- Opening Delimiter -
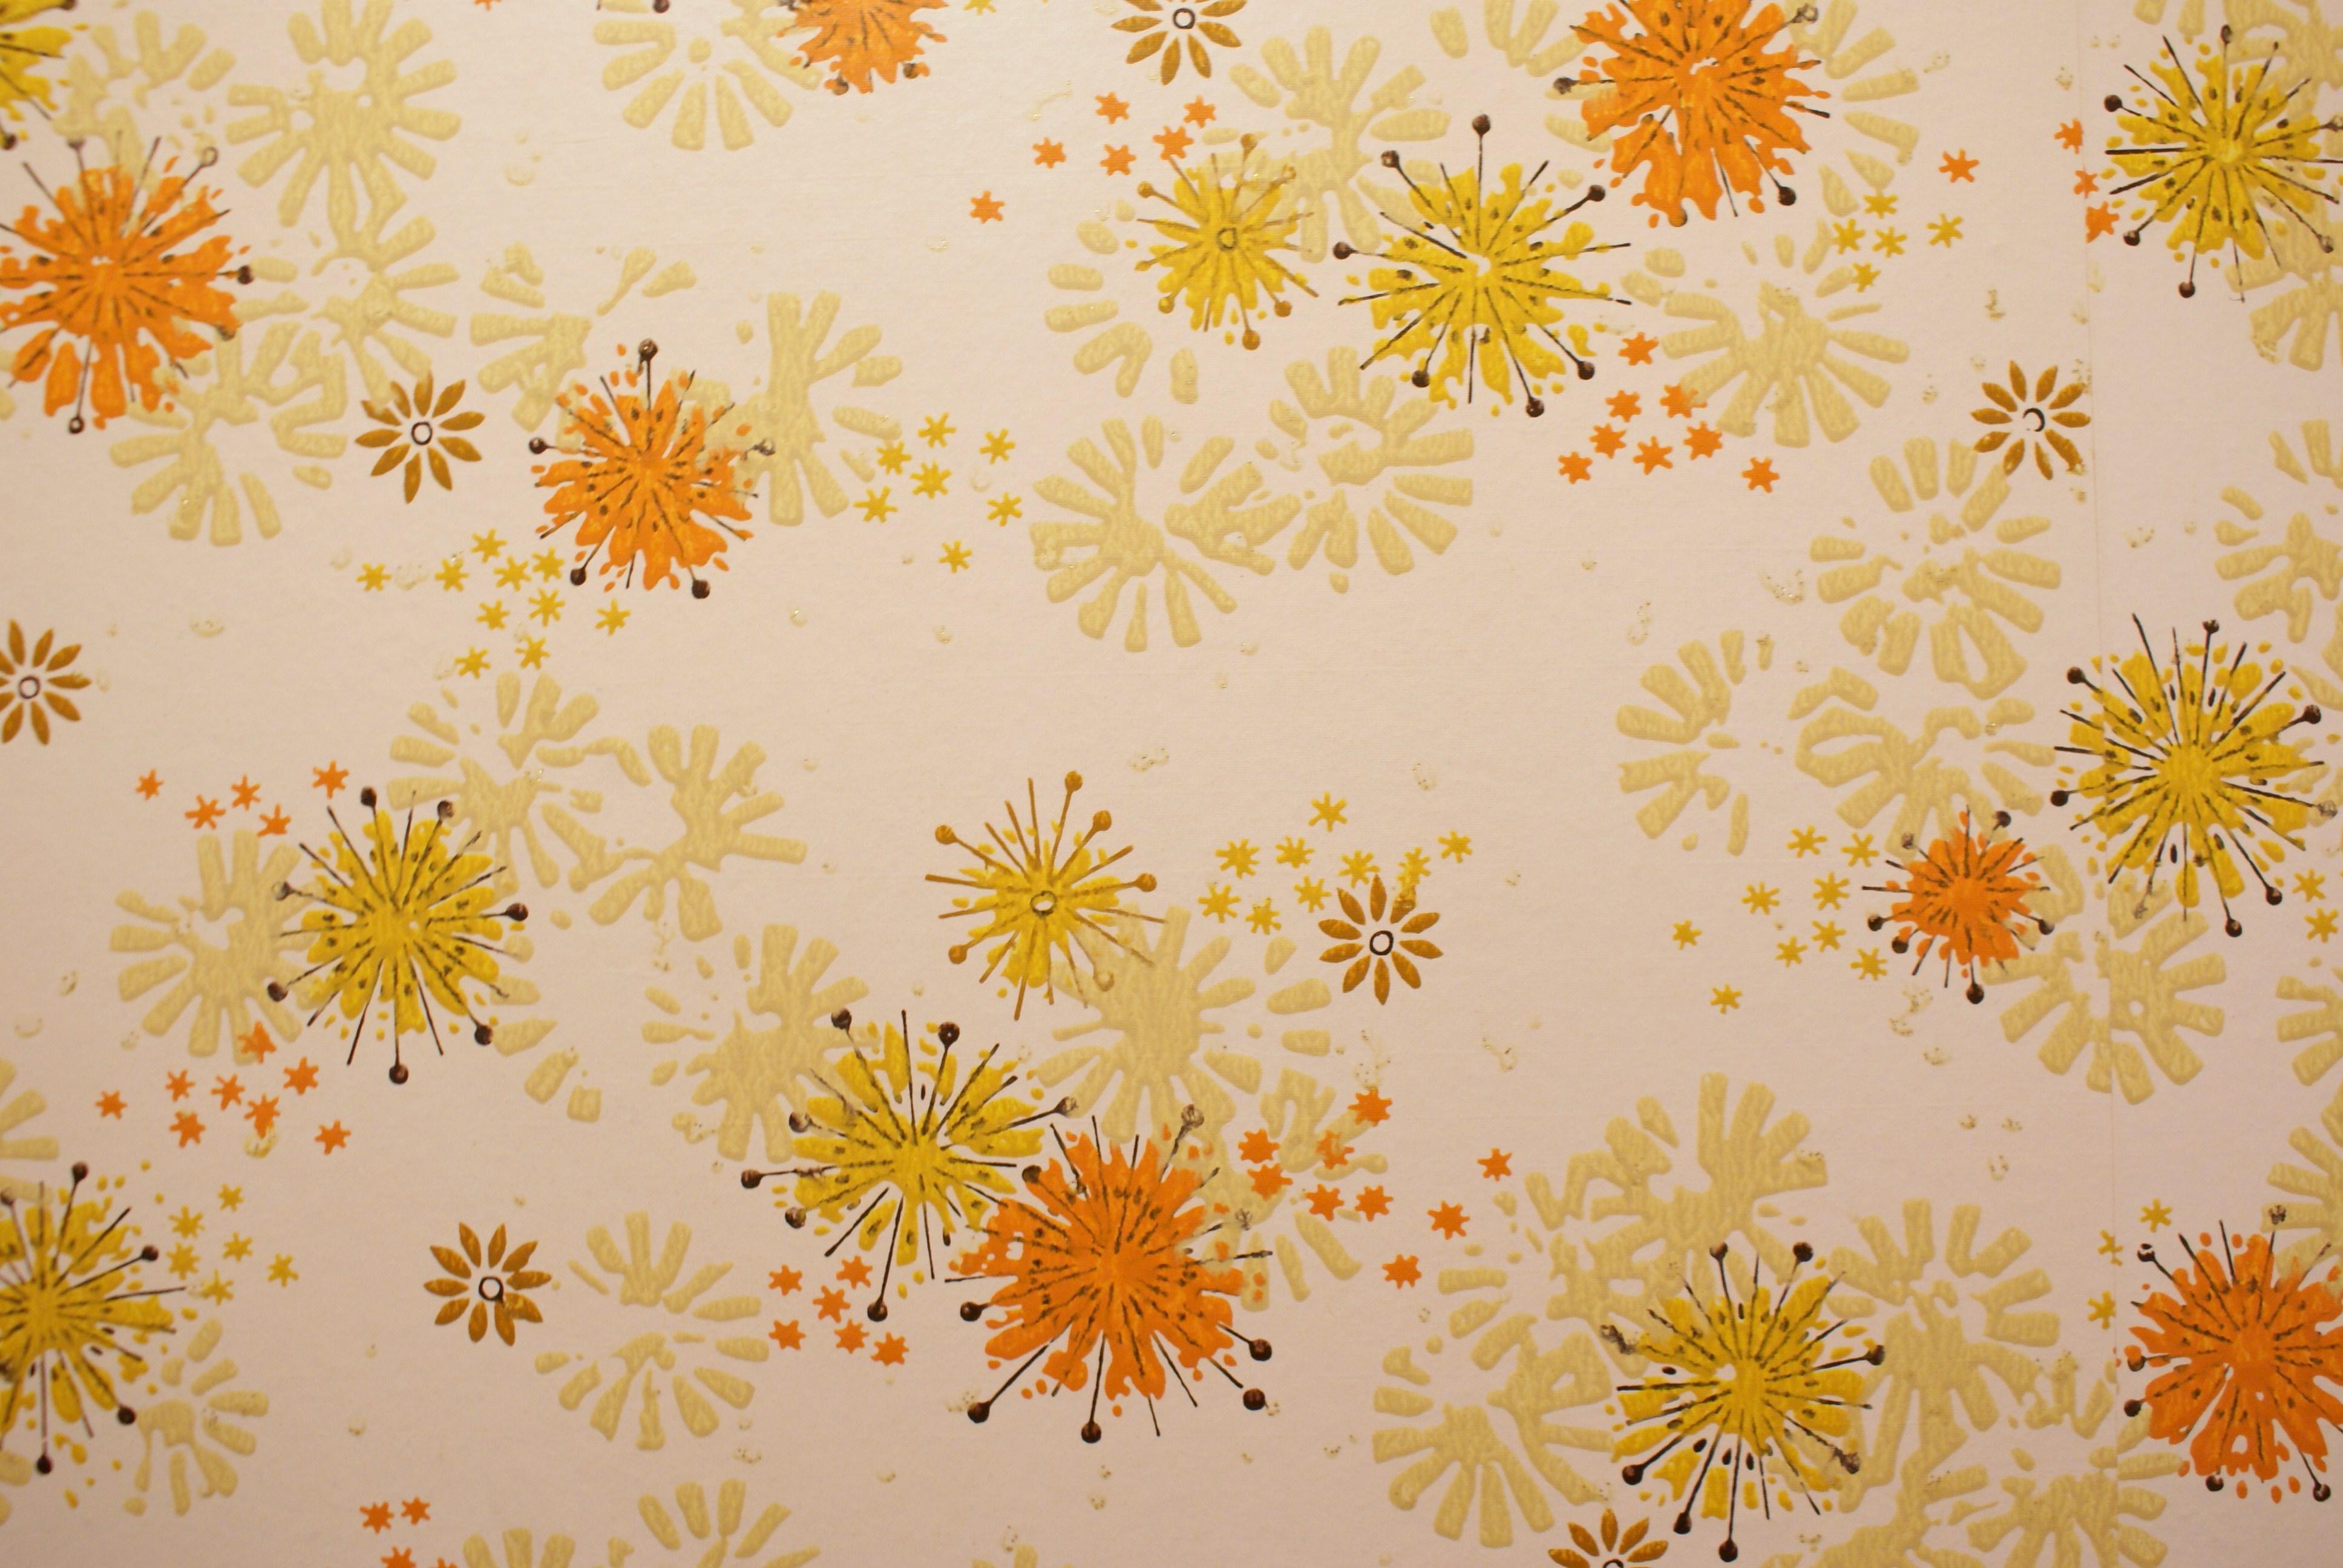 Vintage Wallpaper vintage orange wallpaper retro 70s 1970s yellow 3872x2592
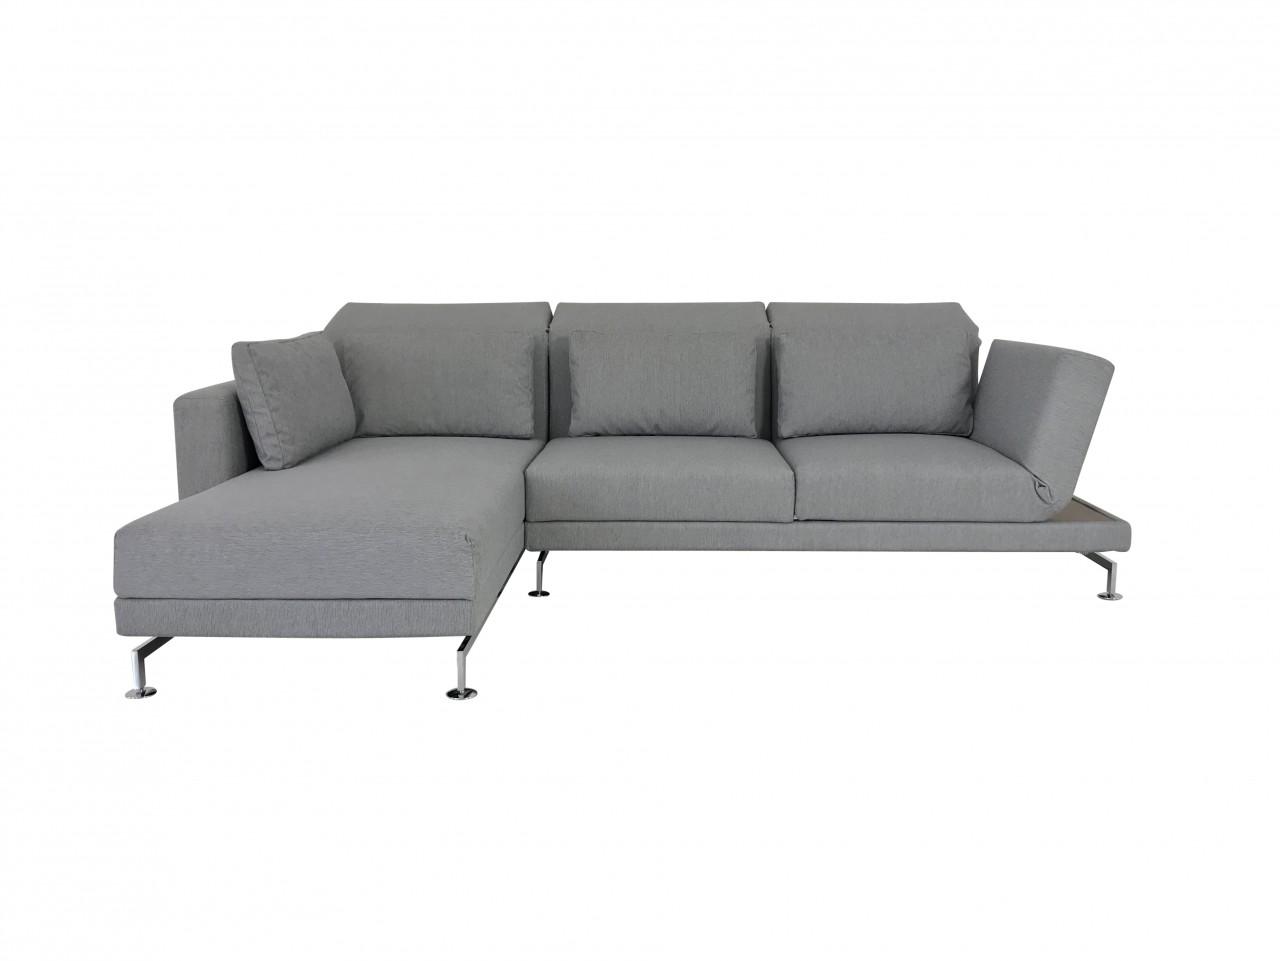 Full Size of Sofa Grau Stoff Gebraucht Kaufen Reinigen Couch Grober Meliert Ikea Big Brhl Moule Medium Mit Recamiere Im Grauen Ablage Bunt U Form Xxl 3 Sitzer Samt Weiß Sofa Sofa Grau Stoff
- Closing Delimiter -
- Opening Delimiter -
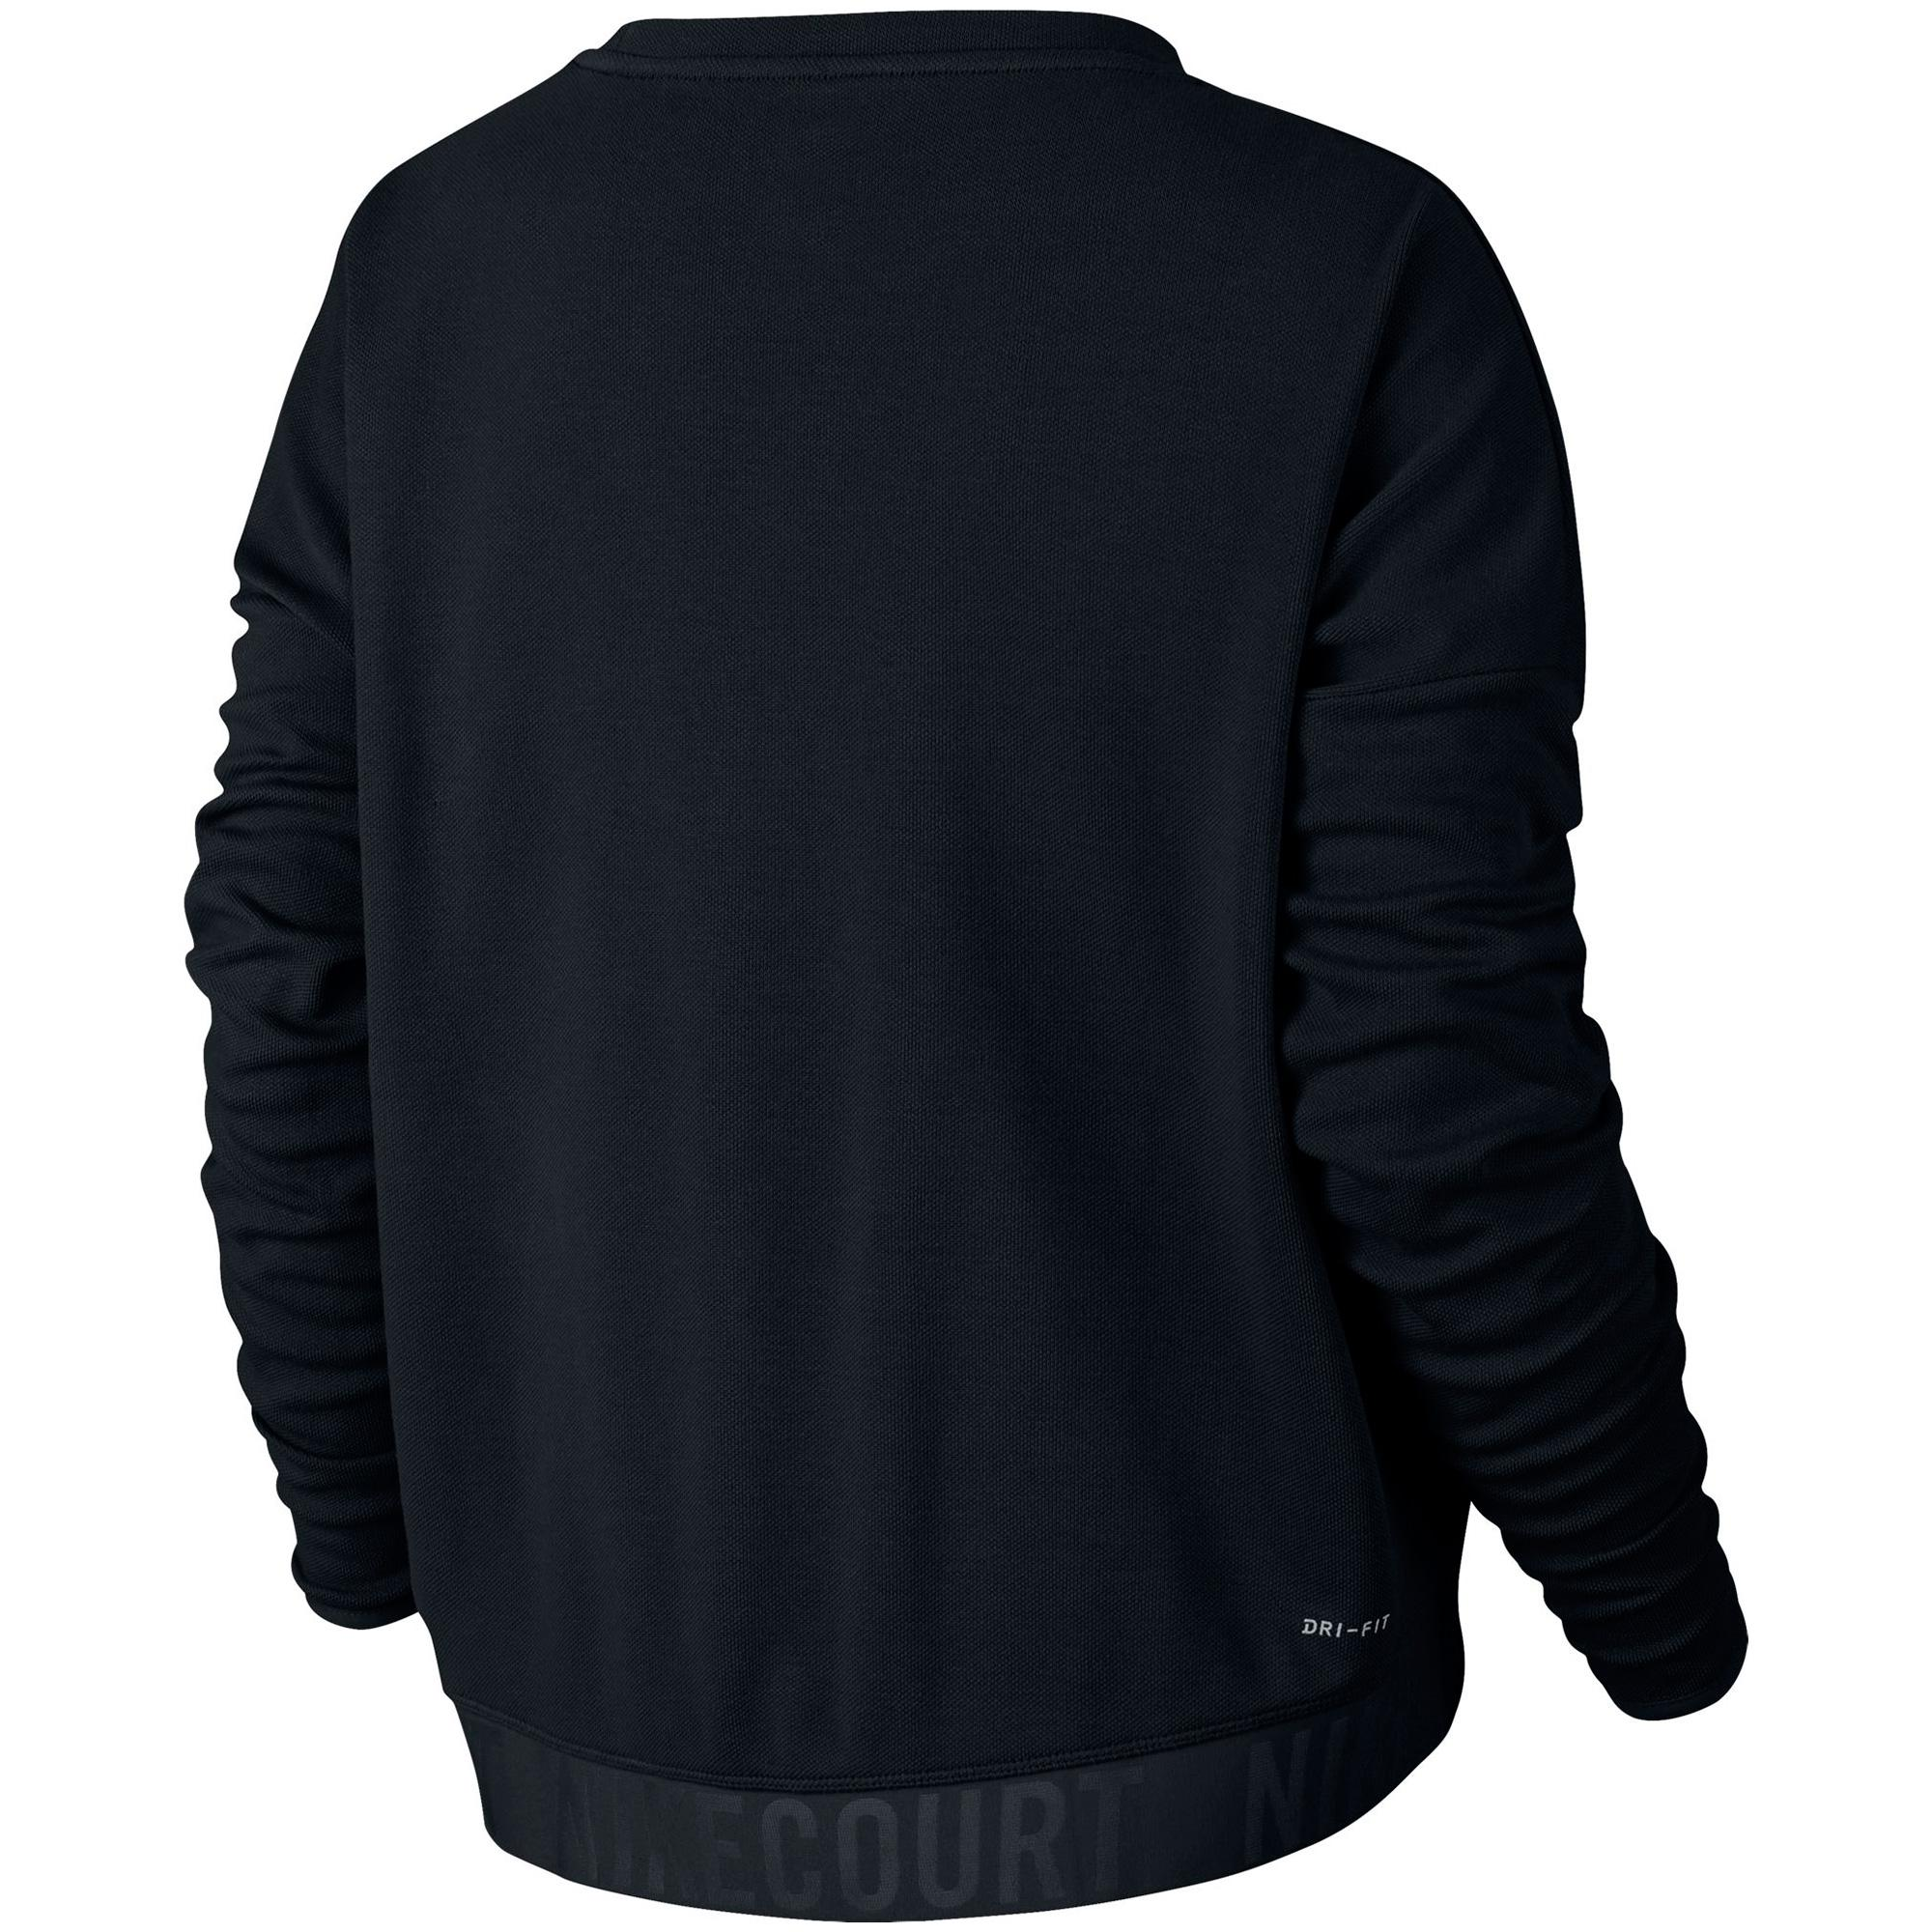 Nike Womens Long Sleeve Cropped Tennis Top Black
- Closing Delimiter -
Precisely those lines above that run from the line with "Vintage Wallpaper vintage" up to and including the line with "Full Size of" are to be set down, with the pictures omitted.

# ANSWER SECTION:
 Vintage Wallpaper vintage orange wallpaper retro 70s 1970s yellow 3872x2592
 Full Size of Sofa Grau Stoff Gebraucht Kaufen Reinigen Couch Grober Meliert Ikea Big Brhl Moule Medium Mit Recamiere Im Grauen Ablage Bunt U Form Xxl 3 Sitzer Samt Weiß Sofa Sofa Grau Stoff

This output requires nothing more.